11:15p EDT Tuesday, October 10, 2000

Dear Friend of GATA and Gold:

Members of GATA and www.LeMetropoleCafe.com in Germany
report that the television network that broadcasts
financial news there, NTV, interviewed in prime time
tonight a financial analyst who seems to have laid
out GATA's case for gold and explained the manipulation
of the gold market.

Below are the accounts we received. Thanks so much to
them for their quick correspondence.

I have to believe that GATA and its Gold Derivatives
Banking Crisis report have had something to do with
this, as I believe they figured in the recent articles
in the Frankfurter Allgemeine.

We're making progress. Some very big people and
institutions ARE watching what we're doing and ARE
acting on it. So let's keep at it and follow Churchill's
rule: Never despair.

CHRIS POWELL, Secretary/Treasurer
Gold Anti-Trust Action Committee Inc.

* * *

You will be delighted by the following very much.

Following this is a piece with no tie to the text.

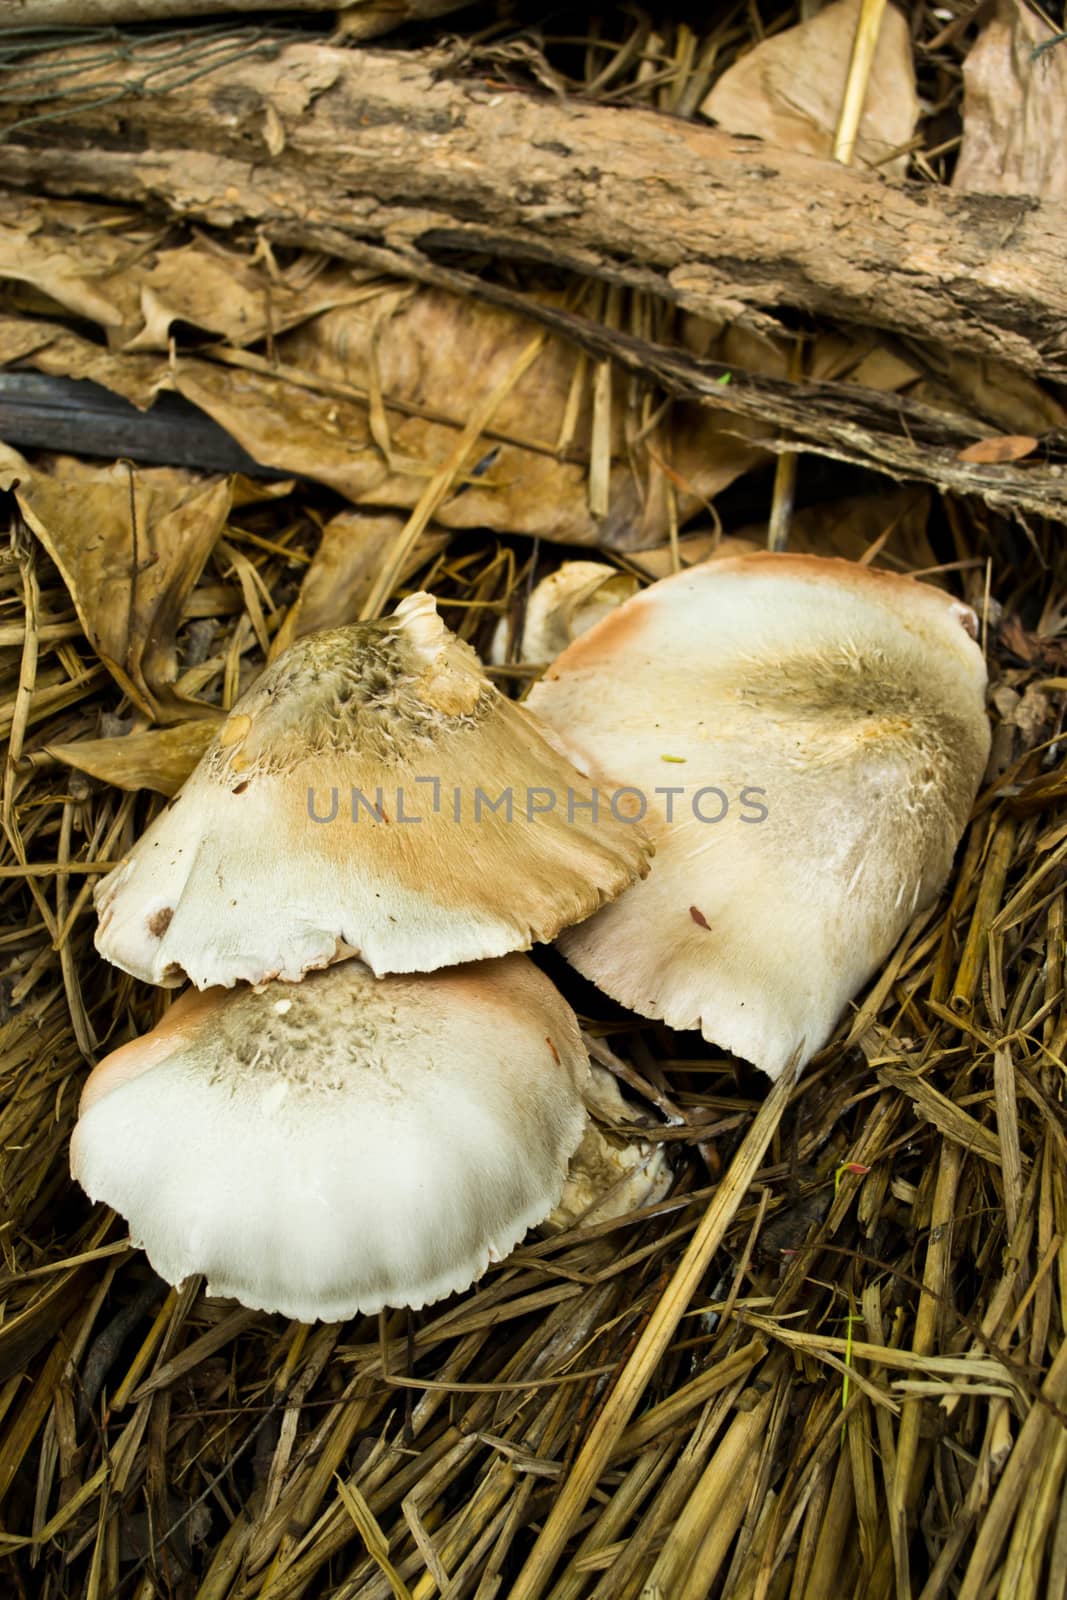 Mushrooms out on a pile of straw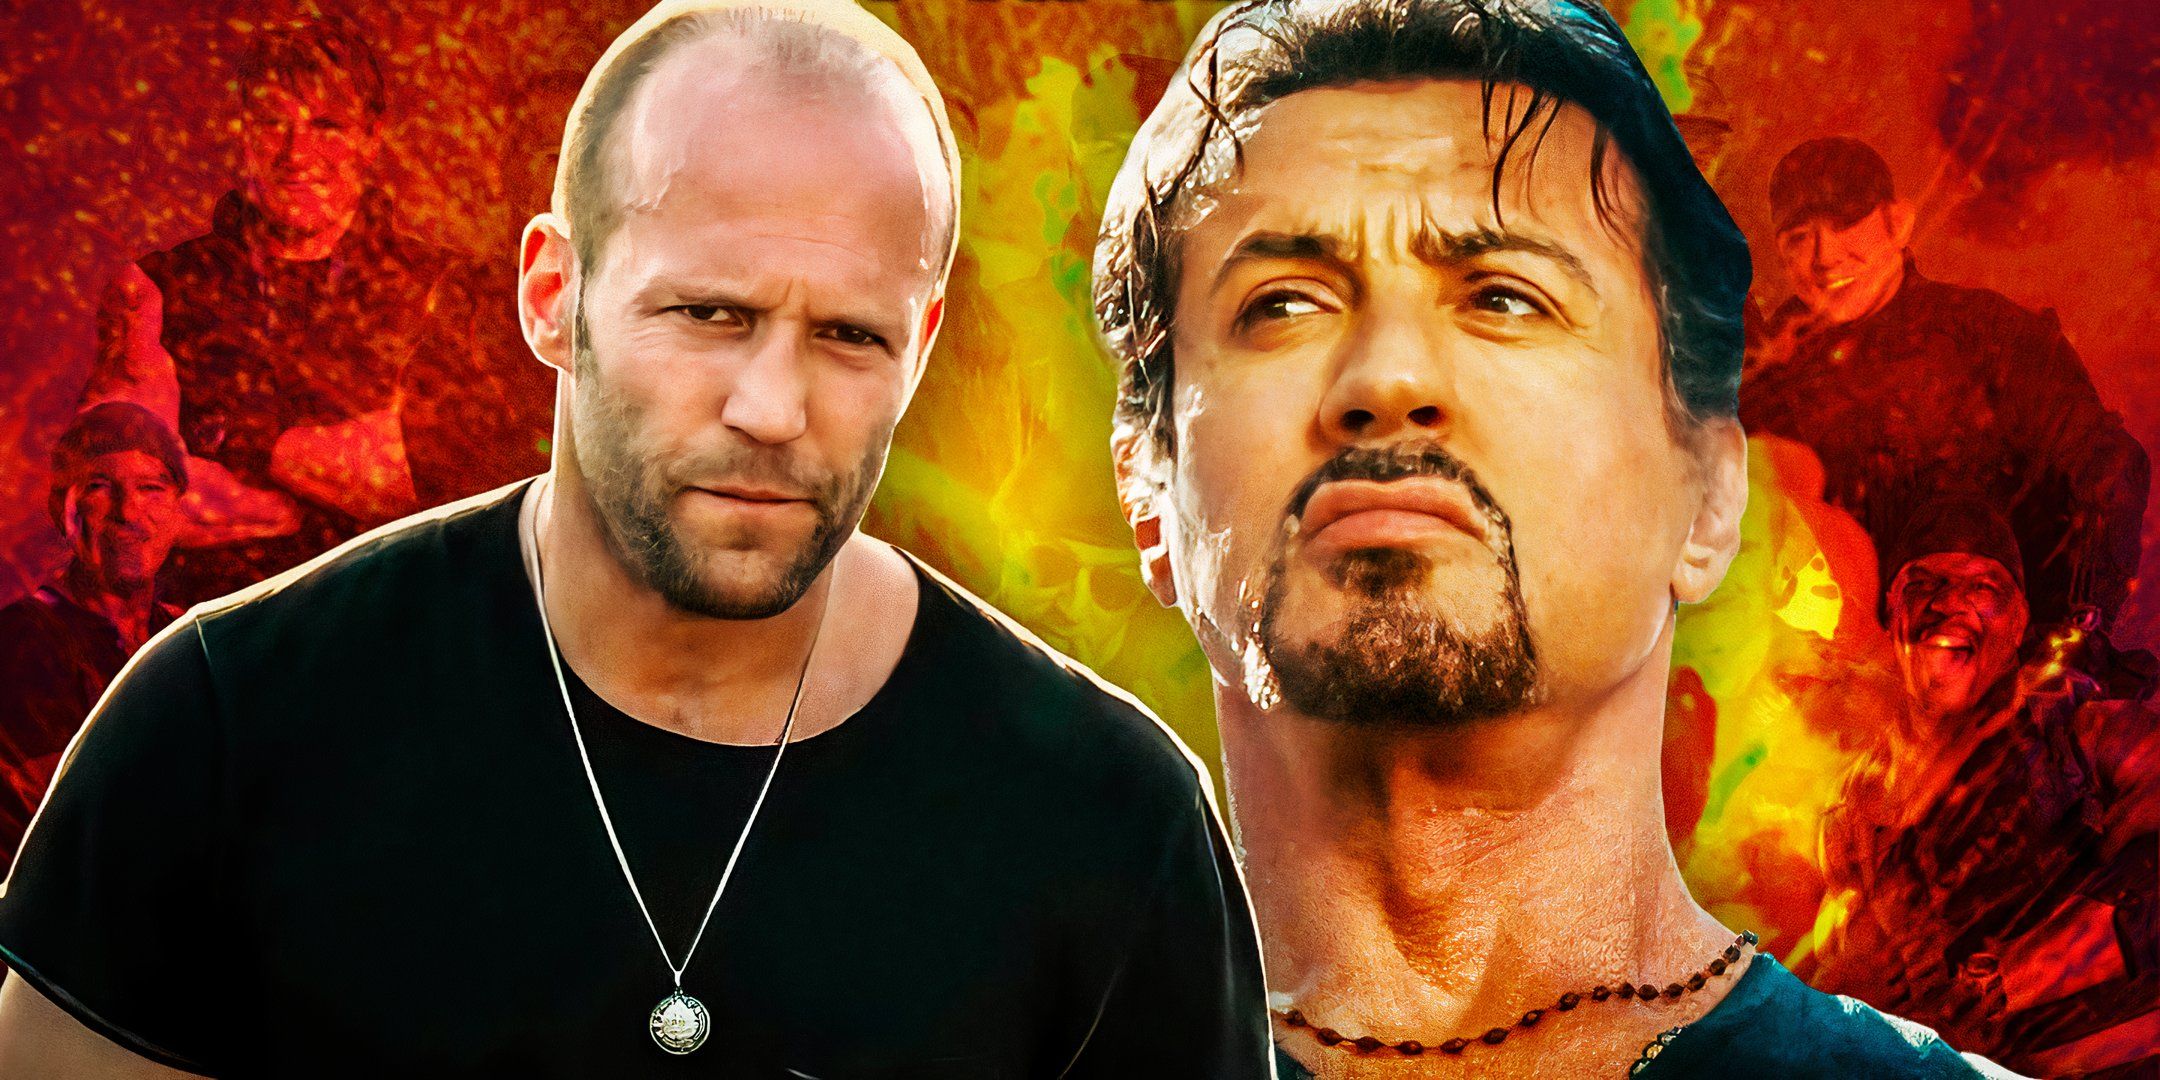 Sylvester Stallone as Barney Ross and Jason Statham as Lee Christmas from The Expendables franchise

Today there was a five-minute interview with Martin
Siegel on German television (NTV -- it's the German
version of CNBC) at prime time about gold market
manipulation.

All relevant details were mentioned by him in these few
minutes. He explained:

* Huge short positions.

* Investment banks like Deutsche Bank and Goldman
Sachs, as well as several central banks, that are
involved via leasing, selling, and pushing down the
price of gold.

* Finally, when central banks have lost all their
gold, gold will move up explosively, probably
earlier, because of changes like the Washington
Agreement.

This should change a lot in German investment
behavior!

Ralph Kutza

* * *

Germany's NTV channel ran an interview with Martin
Siegel tonight right after the NYSE closing bell
report. NTV is the German version of CNBC. The
interview was broadcast at around 10:30 p.m. CET --
prime time, considering the attention still given to
the American stock markets by German investors. The
interview was titled quot;Gold -- A Manipulated Market?quot;

Mr. Siegel did a magnificent job in getting two points
across:

A: Gold is not dead but is a valid investment and this
year, for investors in the euro currency zone, has been
more profitable than investments like NASDAQ stocks.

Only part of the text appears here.